1. Há, a meu ver, uma grande diferença entre um “texto” como o Corão e aquele que chamamos de “Bíblia” (Novo e Velho Testamento): o primeiro, pela sua unidade formal e linguística e sequência temática, provavelmente foi escrito por uma única pessoa e num tempo relativamente curto; o segundo não: vários estilos, temas, formas, vocabulário… escrito por muitas pessoas e num espaço de tempo extremamente dilatado. Assim, o Corão está menos sujeito a uma hermenêutica diversificada, enquanto a Bíblia se oferece à infindável variedade exegética. Ambos, no entanto, podem ser lidos como peças literárias, contando uma história sobre nós mesmos, nossa origem, como devemos nos comportar, o que devemos esperar, qual a natureza de Deus…
2. É verdade que a literatura pode produzir personagens que entram em nossas vidas como se fossem reais: podemos visitar a “casa” de Sherlock Holmes em Baker Street ou procurar, na nossa Rua Nova (Recife), a casa onde viveu a “emparedada” de Carneiro Vilela. Ocorre que o contrário também é possível: um personagem real ganha dimensão literária e mítica. Não duvido, por exemplo, da existência histórica do Cristo e há referências de sua passagem além das citadas nos evangelhos canônicos. Mas Jesus foi além de sua existência real e ganhou uma dimensão metafórica (literária), na imaginação e na fé de quem crê.

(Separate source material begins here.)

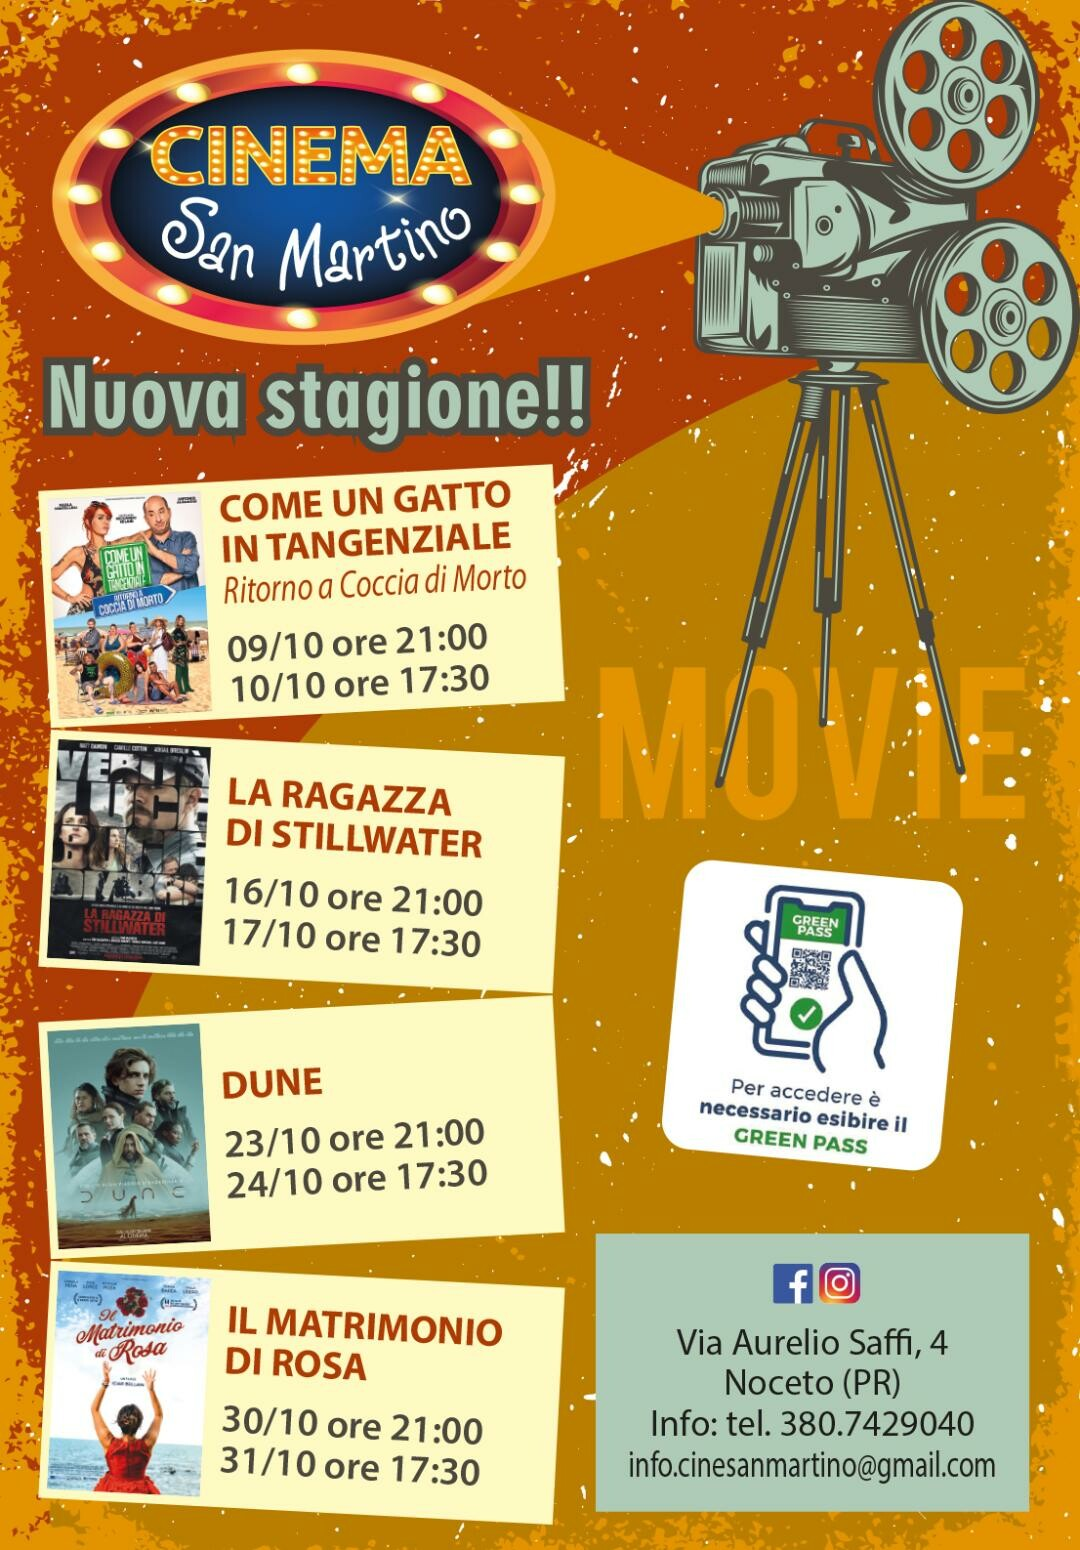 Programma ottobre cinema San Martino a Noceto

E esta mensagem diz respeito aos humilhados e ofendidos de todos os tempos e lugares: no final dos anos 60, o dramaturgo pernambucano Isaac Gondim escreveu e dirigiu uma peça chamada “Emanuel, Deus conosco”, em que o Cristo era representado por um ator negro, provocando uma forte reação de nossa “tradicional família cristã”. Gondim queria dizer que Cristo é a melhor representação produzida pela cultura ocidental sobre o sofrimento do homem comum, a denúncia de sua miséria e o anúncio de sua possível redenção. Cristo é uma metáfora de todos os oprimidos: os negros, os pobres, os torturados por ditaduras, os índios, as crianças de rua e, sim, os gays!
3. Há alguns anos, o grupo Porta dos Fundos foi duramente criticado com o filme que trata Jesus como gay: na verdade, não é nada mais do que uma representação metafórica e atualizada do mesmo Homem que no século primeiro colocou um problema até hoje não resolvido, e por isso foi supliciado e morto: Ele se perguntou se poderíamos viver juntos como “Comunidade Humana” e nos alertou que, para fazê-lo, precisávamos nos deixar interpelar incondicionalmente pelo rosto do Outro, o Diferente. ELE jamais aceitaria como resposta a censura ou a violência!
4. A morte do Papa Francisco, ocorrida na madrugada do dia em que lavro esse artigo, deveria nos lembrar disso: Francisco foi, para mim – que não sou religioso – não apenas o Chefe de Estado mais corajoso, ético e sensível à condição do homem comum desde a criação do Papado. E seu pontificado veio exatamente no momento em que o Mundo passa por transformações políticas, econômicas e institucionais que ameaçam não apenas a vida na Terra, mas aquilo que conhecíamos como “Homem”. Francisco é a definitiva encarnação do Sermão da Montanha: a mais vigorosa oração de crença no destino do Homem. Com ele, literalmente, o Verbo se fez Carne!